Trinity Lutheran College is a private primary and secondary (6-12) school for boys and girls with two campuses, with the Prep-5 campus at 251 Cotlew Street and the 6-12 campus at 641 Ashmore Road. In 2018, the school had an enrolment of 1,082 students with 86 teachers (78 full-time equivalent) and 61 non-teaching staff (33 full-time equivalent).

There are no government secondary schools in Ashmore. The nearest government secondary schools are Keebra Park State High School in neighbouring Southport to the east, Benowa State High School in neighbouring Benowa to the south, and Nerang State High School in neighbouring Nerang to the west.

Gold Coast Institute of TAFE also has one campus located in Ashmore. It is on the corner of Heeb Street and Benowa Road.

== Amenities ==
The main retail area of Ashmore is on Southport–Nerang Road, which features the Ashmore City Shopping Centre.
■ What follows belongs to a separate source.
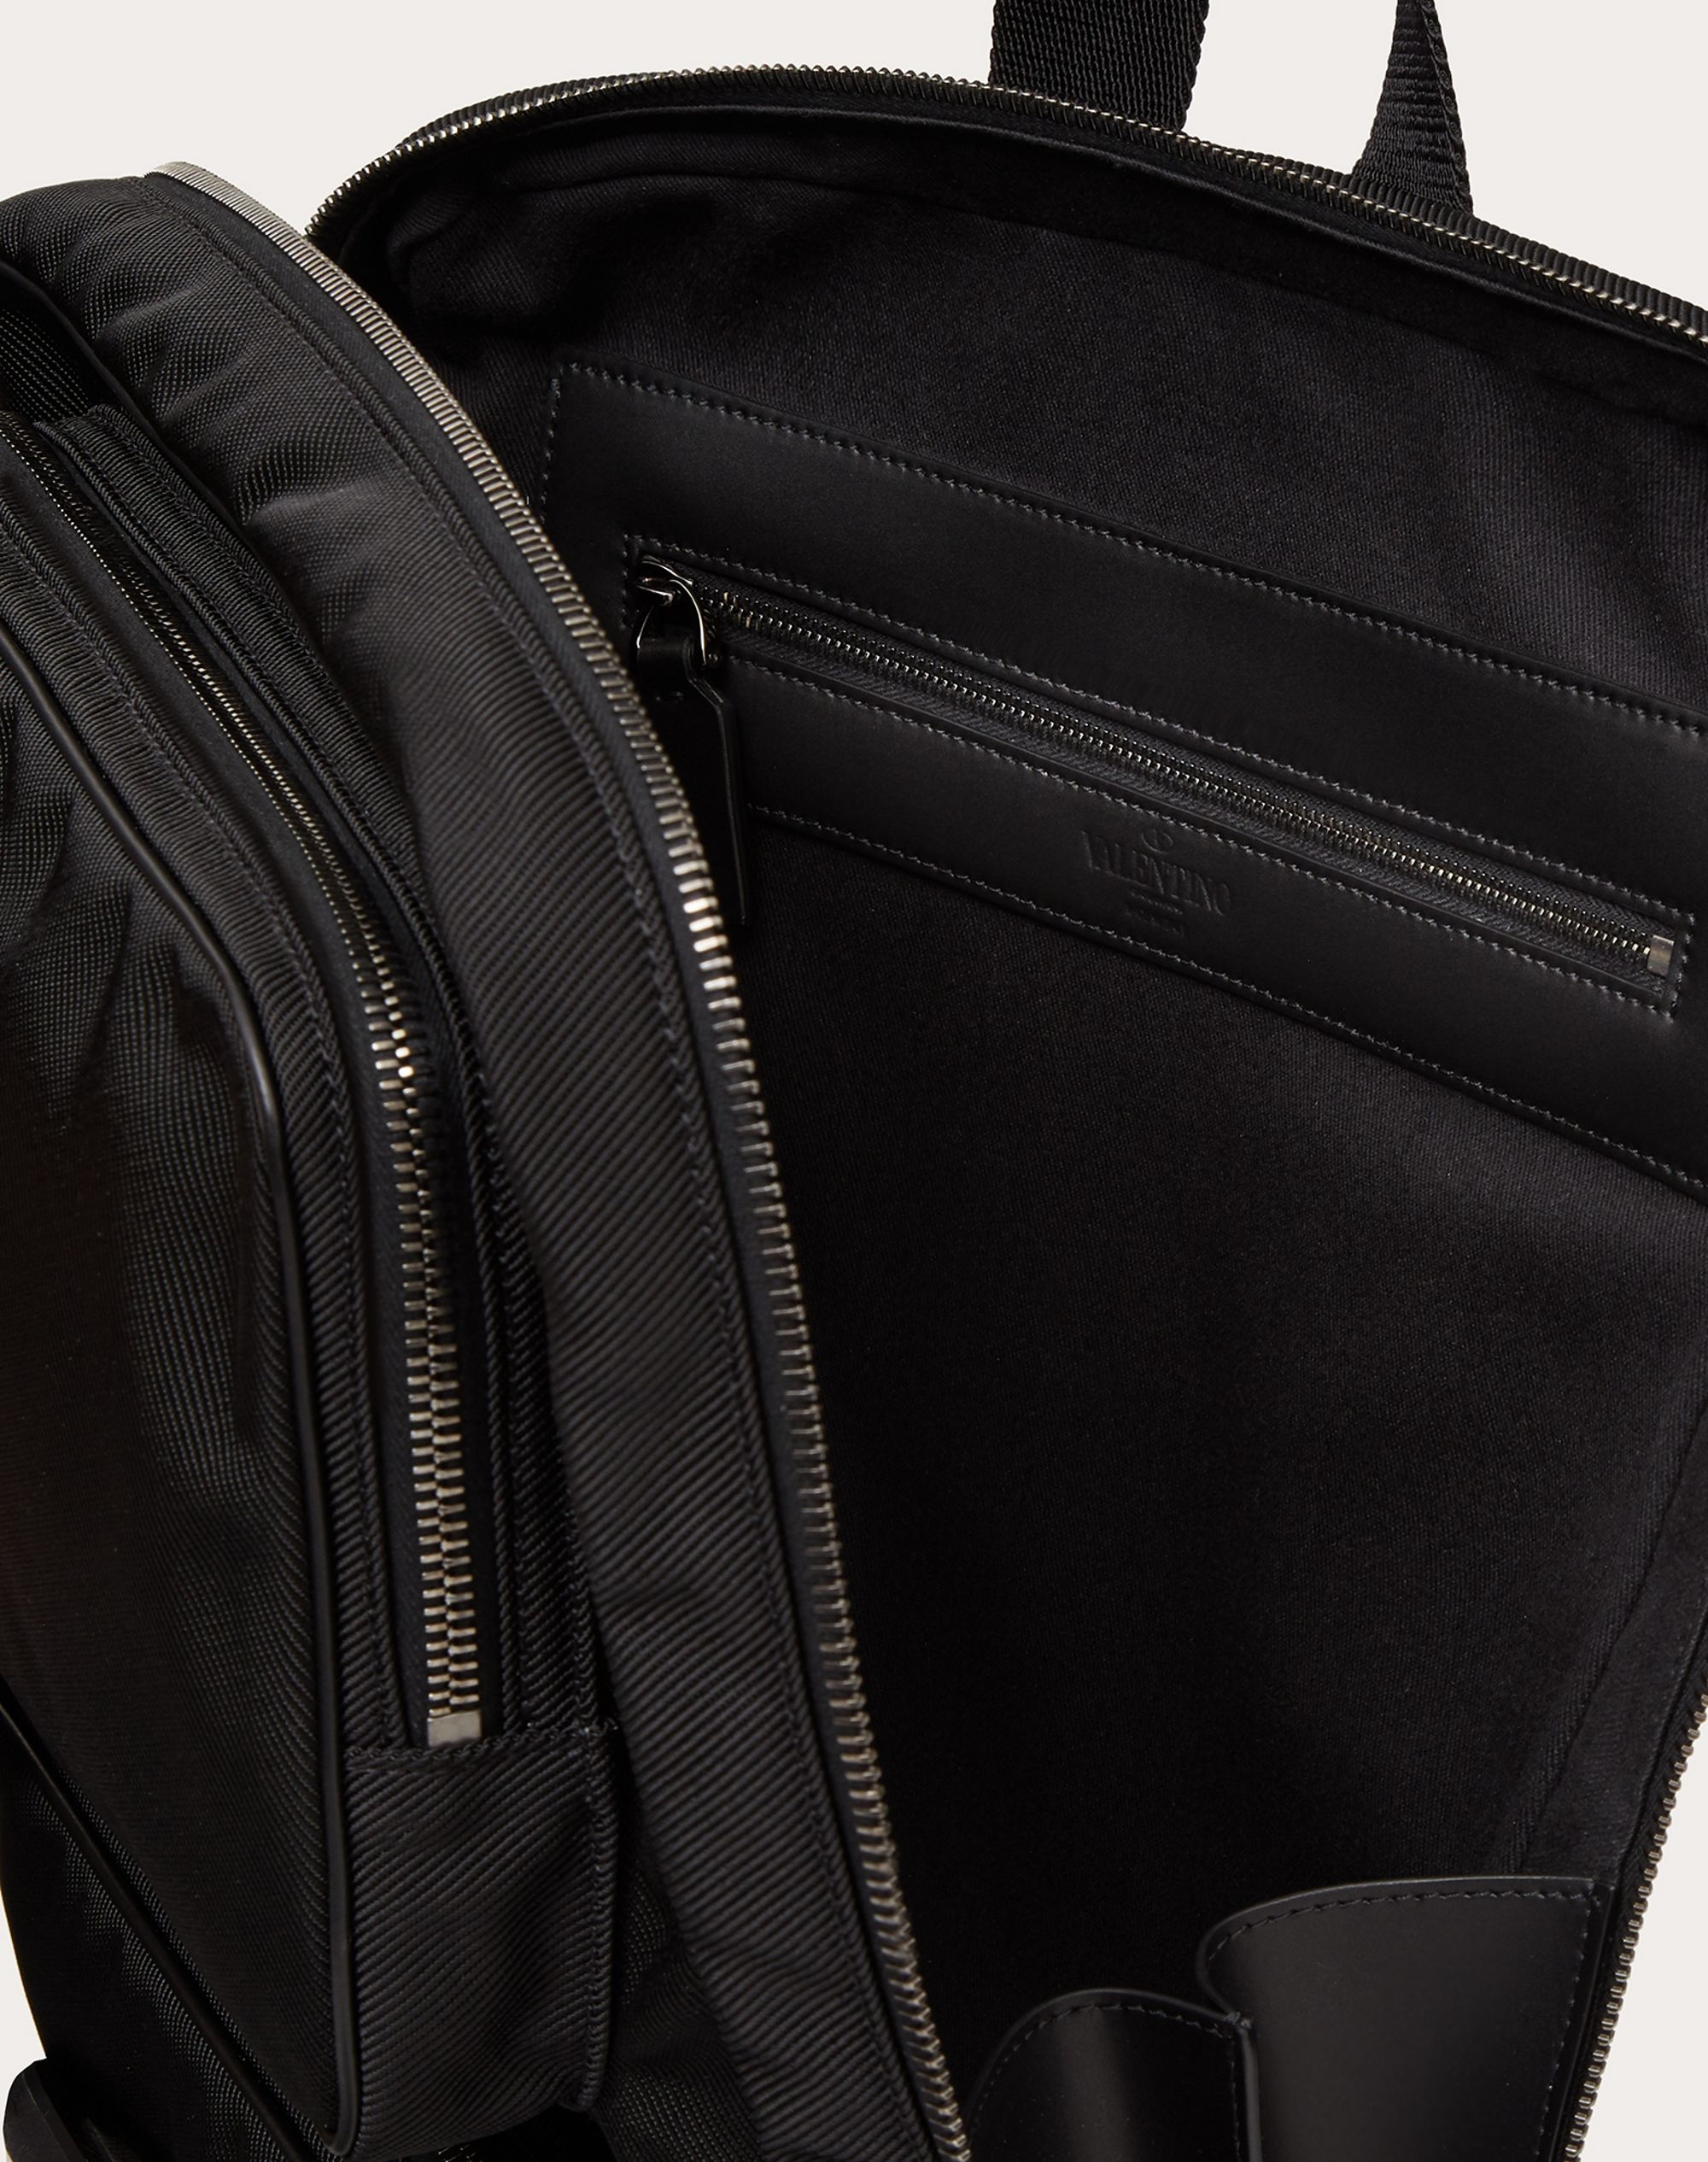 Supervee Backpack in Nylon - 4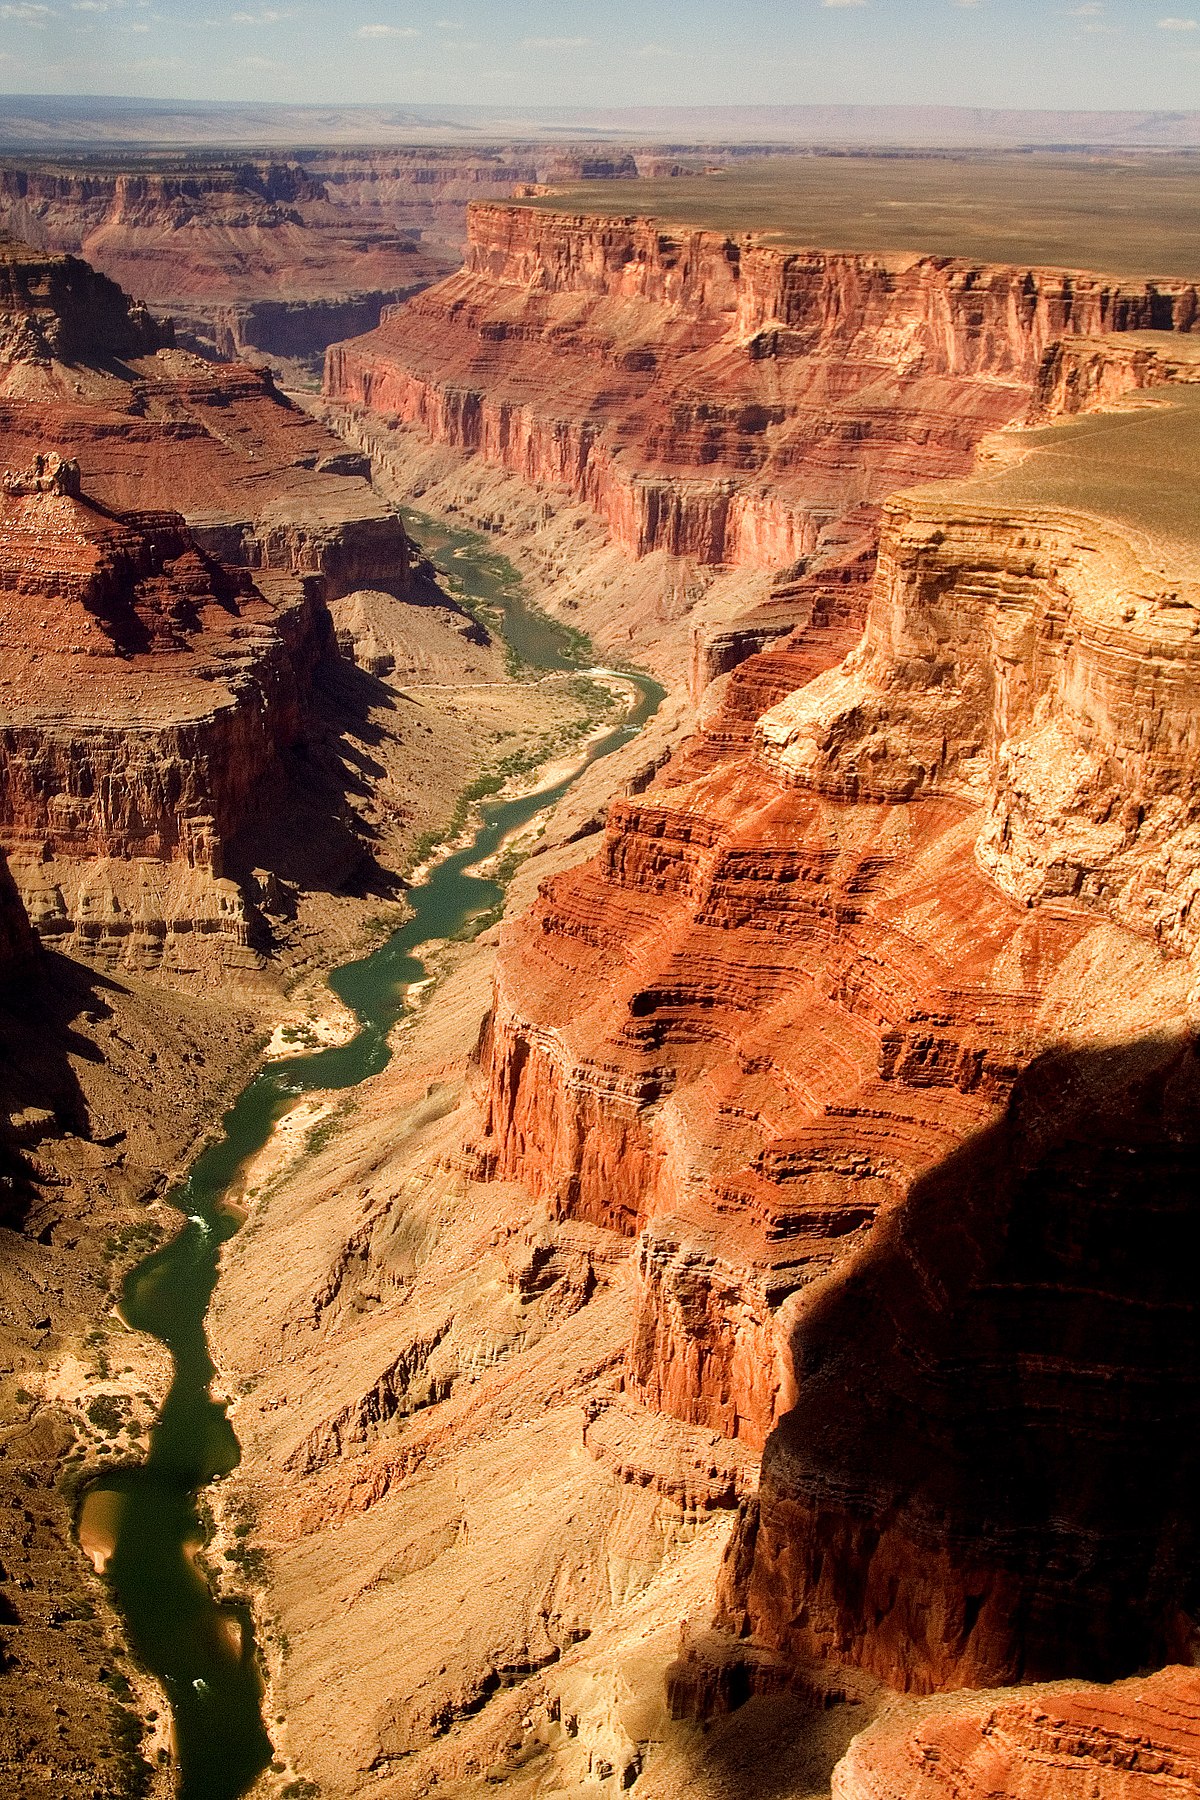 Parco nazionale del Grand Canyon - Wikipedia

The Gold Coast City Council operates a fortnightly mobile library service which visits Ashmore Village Park (BMX Park) on Currumburra Road.

Ashmore Uniting Church is at 144 Cotlew Street. It opened circa 1990.

Mary Immaculate Catholic Church is at 31 Edmund Rice Drive. It opened in 1988.

== Natural environment ==
Pre-clearing, the vegetation of Ashmore included substantial areas of blackbutt (Eucalyptus pilularis) tall open forest on lowland metamorphosed sediments. This ecosystem type is now listed as endangered with extinction in Queensland having been extensively cleared for agriculture and housing development.

The area now occupied by Royal Pines resort once supported established Eucalyptus tereticornis forests and wetlands with patches of rainforest. Jabiru, magpie geese and a variety of water birds used these wetlands which stretched from Nerang to near Burleigh Heads along the floodplain of the Nerang River Valley and Mudgeereebah and Bonogin Creeks. This ecosystem was akin to Kakadu with lagoons of lilypads, swamp rainforest and gnarled old paperbark forest filled with palms. In the 1980s prior to the development of Royal Pines resort, farmland with remnant degraded wetlands and some forest remained, and jabiru, spoonbills, magpie geese and a variety of other birds could be seen there. Development in recent decades has led to the loss of most remnant natural vegetation.